Motivações espirituais
A sexta e última seção é sobre as ‘Motivações Espirituais’. Nela, Francisco destaca que “a cosmovisão judaico-cristã defende o valor peculiar e central do ser humano no meio do maravilhoso concerto de todos os seres, mas hoje somos obrigados a reconhecer que só é possível defender um ‘antropocentrismo situado’, ou seja, reconhecer que a vida humana não se pode compreender nem sustentar sem as outras criaturas.

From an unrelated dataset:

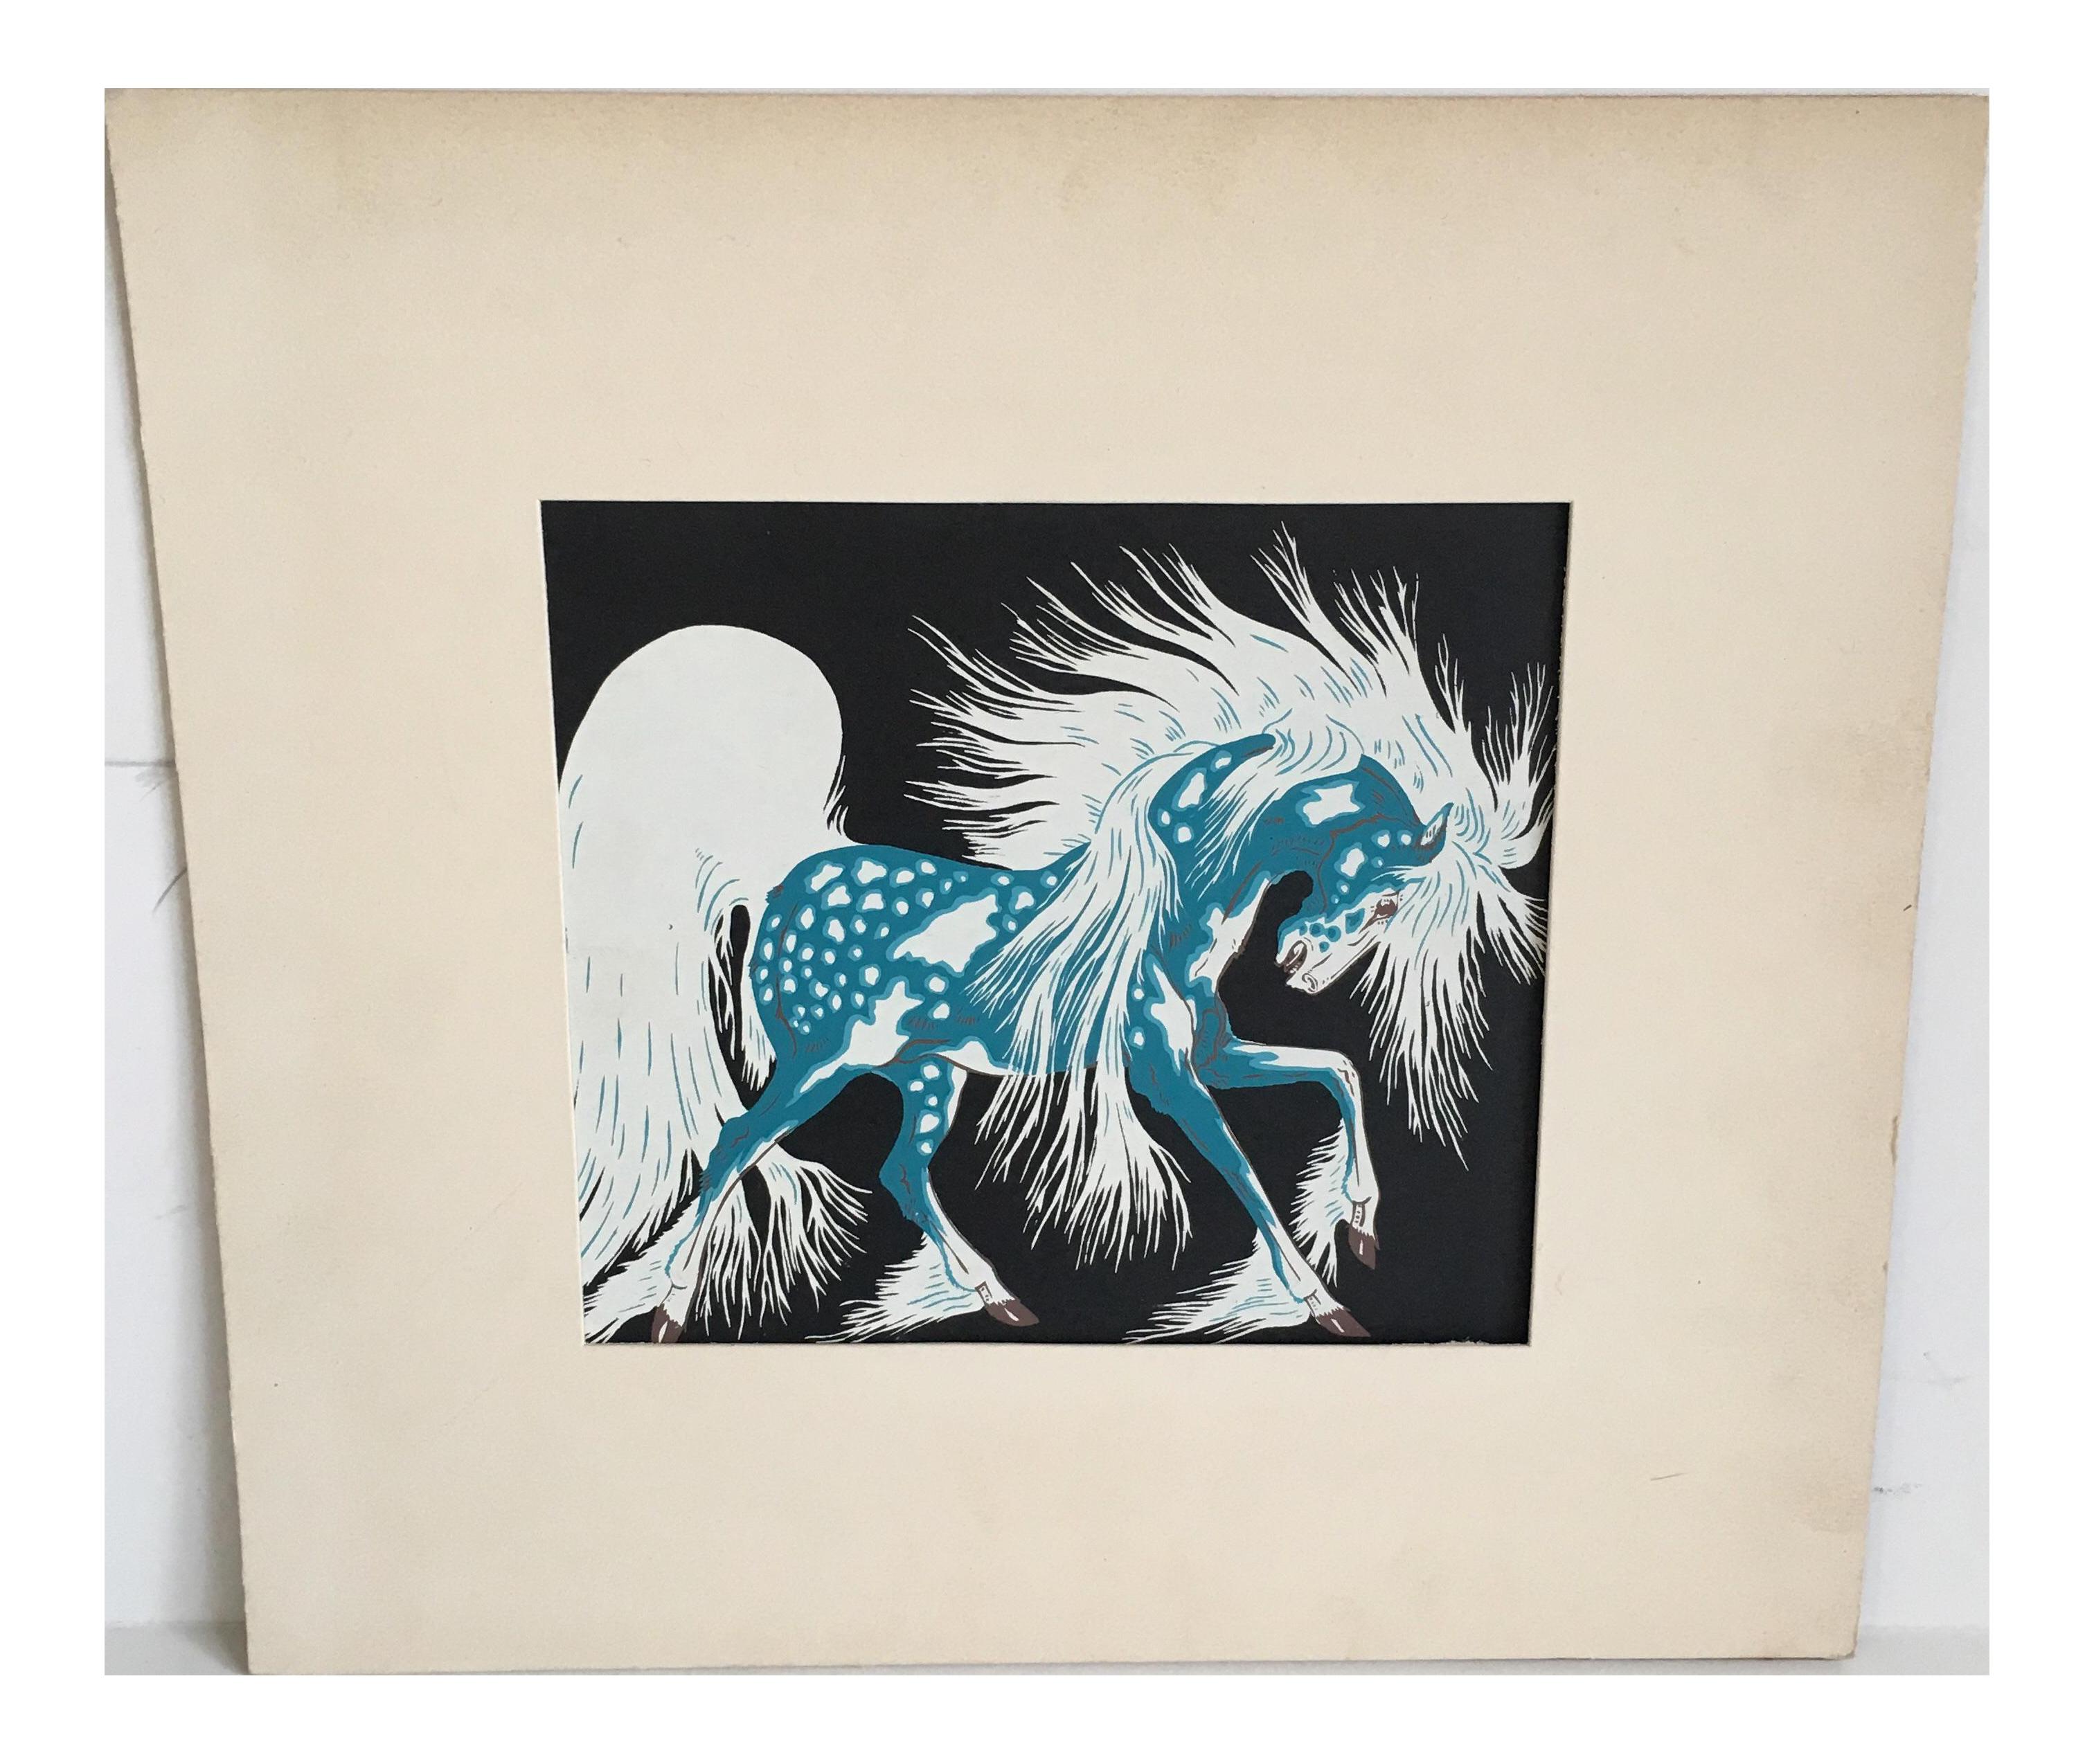 Vintage Woody Crumbo Blue Spirit Horse Serigraph | Chairish

De fato ‘nós e todos os seres do universo, sendo criados pelo mesmo Pai, estamos unidos por laços invisíveis e formamos uma espécie de família universal, uma comunhão sublime que nos impele a um respeito sagrado, amoroso e humilde’".
"Convido cada um a acompanhar este percurso de reconciliação com o mundo que nos alberga e a enriquecê-lo com o próprio contributo, pois o nosso empenho tem a ver com a dignidade pessoal e com os grandes valores. Entretanto não posso negar que é necessário sermos sinceros e reconhecer que as soluções mais eficazes não virão só dos esforços individuais, mas sobretudo das grandes decisões da política nacional e internacional", pede o papa.
“‘Laudate Deum’ é o título desta carta, porque um ser humano que pretenda tomar o lugar de Deus torna-se o pior perigo para si mesmo”, conclui o papa Francisco.